Elon Musk rejects Twitter board seat after floating changes for the platform
Elon Musk, now Twitter’s largest shareholder, has decided not to join the company’s board, an unexpected move announced late Sunday after Musk floated a series of changes he would like to see on the social media platform.
Musk had held discussions with Twitter’s directors, but the billionaire entrepreneur ultimately declined their offer of a board seat, Twitter Chief Executive Parag Agrawal tweeted. “I believe this is for the best,” he said in an internal memo he shared.
The disclosure came after a string of suggestions Musk shared, on Twitter, for changes to the platform, such as adding an edit button for tweets and an ad-free subscription membership.
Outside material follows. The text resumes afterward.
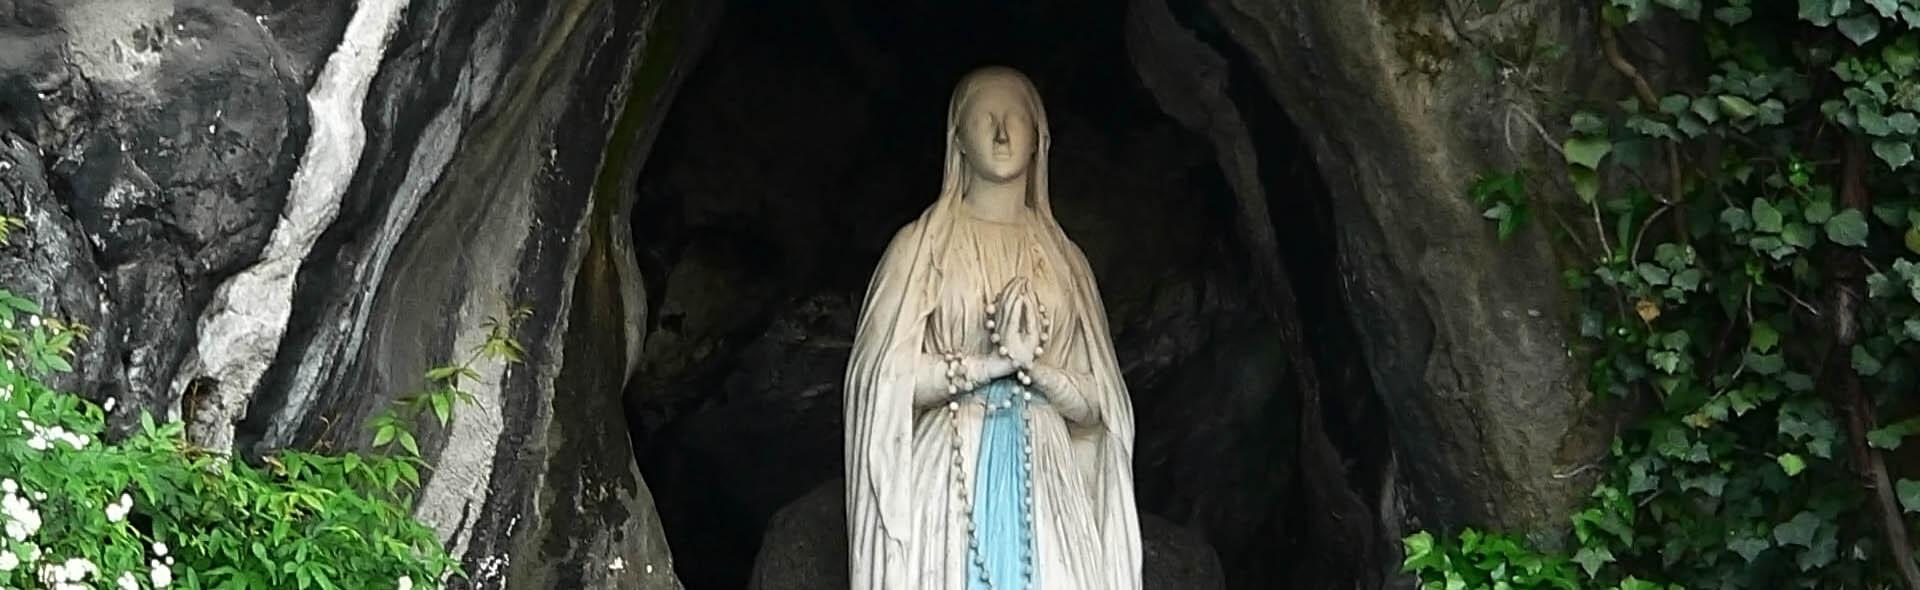 Viaggio a Lourdes in Aereo da Milano Immacolata

In a series of tweets late Saturday, the Tesla and SpaceX chief executive said that the company should include an “authentication checkmark” as a feature of its Twitter Blue premium subscription service, which costs $2.99 a month.
Twitter adds a checkmark logo next to a user name when the account has been verified “authentic, notable and active.”
Musk also suggested Twitter make the authentication checkmarks of premium subscriber accounts different from those granted to official accounts belonging to public figures, for example.
Such a move, Musk said, would “massively expand” the pool of verified user accounts and discourage the proliferation of spam “bot” accounts, making them too expensive to maintain.
Musk’s latest tweets about Twitter, including posting polls asking his 81 million followers whether Twitter is “dying” and whether the company’s San Francisco headquarters should be converted into a homeless shelter “since no one shows up anyway,” followed a tweet earlier in the week asking if he should add an edit button on the platform.
Last week, Twitter disclosed in a regulatory filing that it entered into an agreement with Musk giving the billionaire a seat on the company’s board, with the term expiring at its 2024 annual shareholders meeting. The move came a day after it was disclosed that Musk took a 9% stake in the company.
Twitter did not immediately respond to an email seeking comment Sunday.
Musk also shared ideas for how Twitter should charge for its subscription membership, saying the fee “should be proportionate to affordability and in local currency.... Maybe even an option to pay in Doge?” referring to the Dogecoin cryptocurrency.
“And no ads,” Musk tweeted. “The power of corporations to dictate policy is greatly enhanced if Twitter depends on advertising money to survive.”
Nearly 90% of Twitter’s revenue in 2021 came from advertising.
Bloomberg writer Edwin Chan contributed to this report.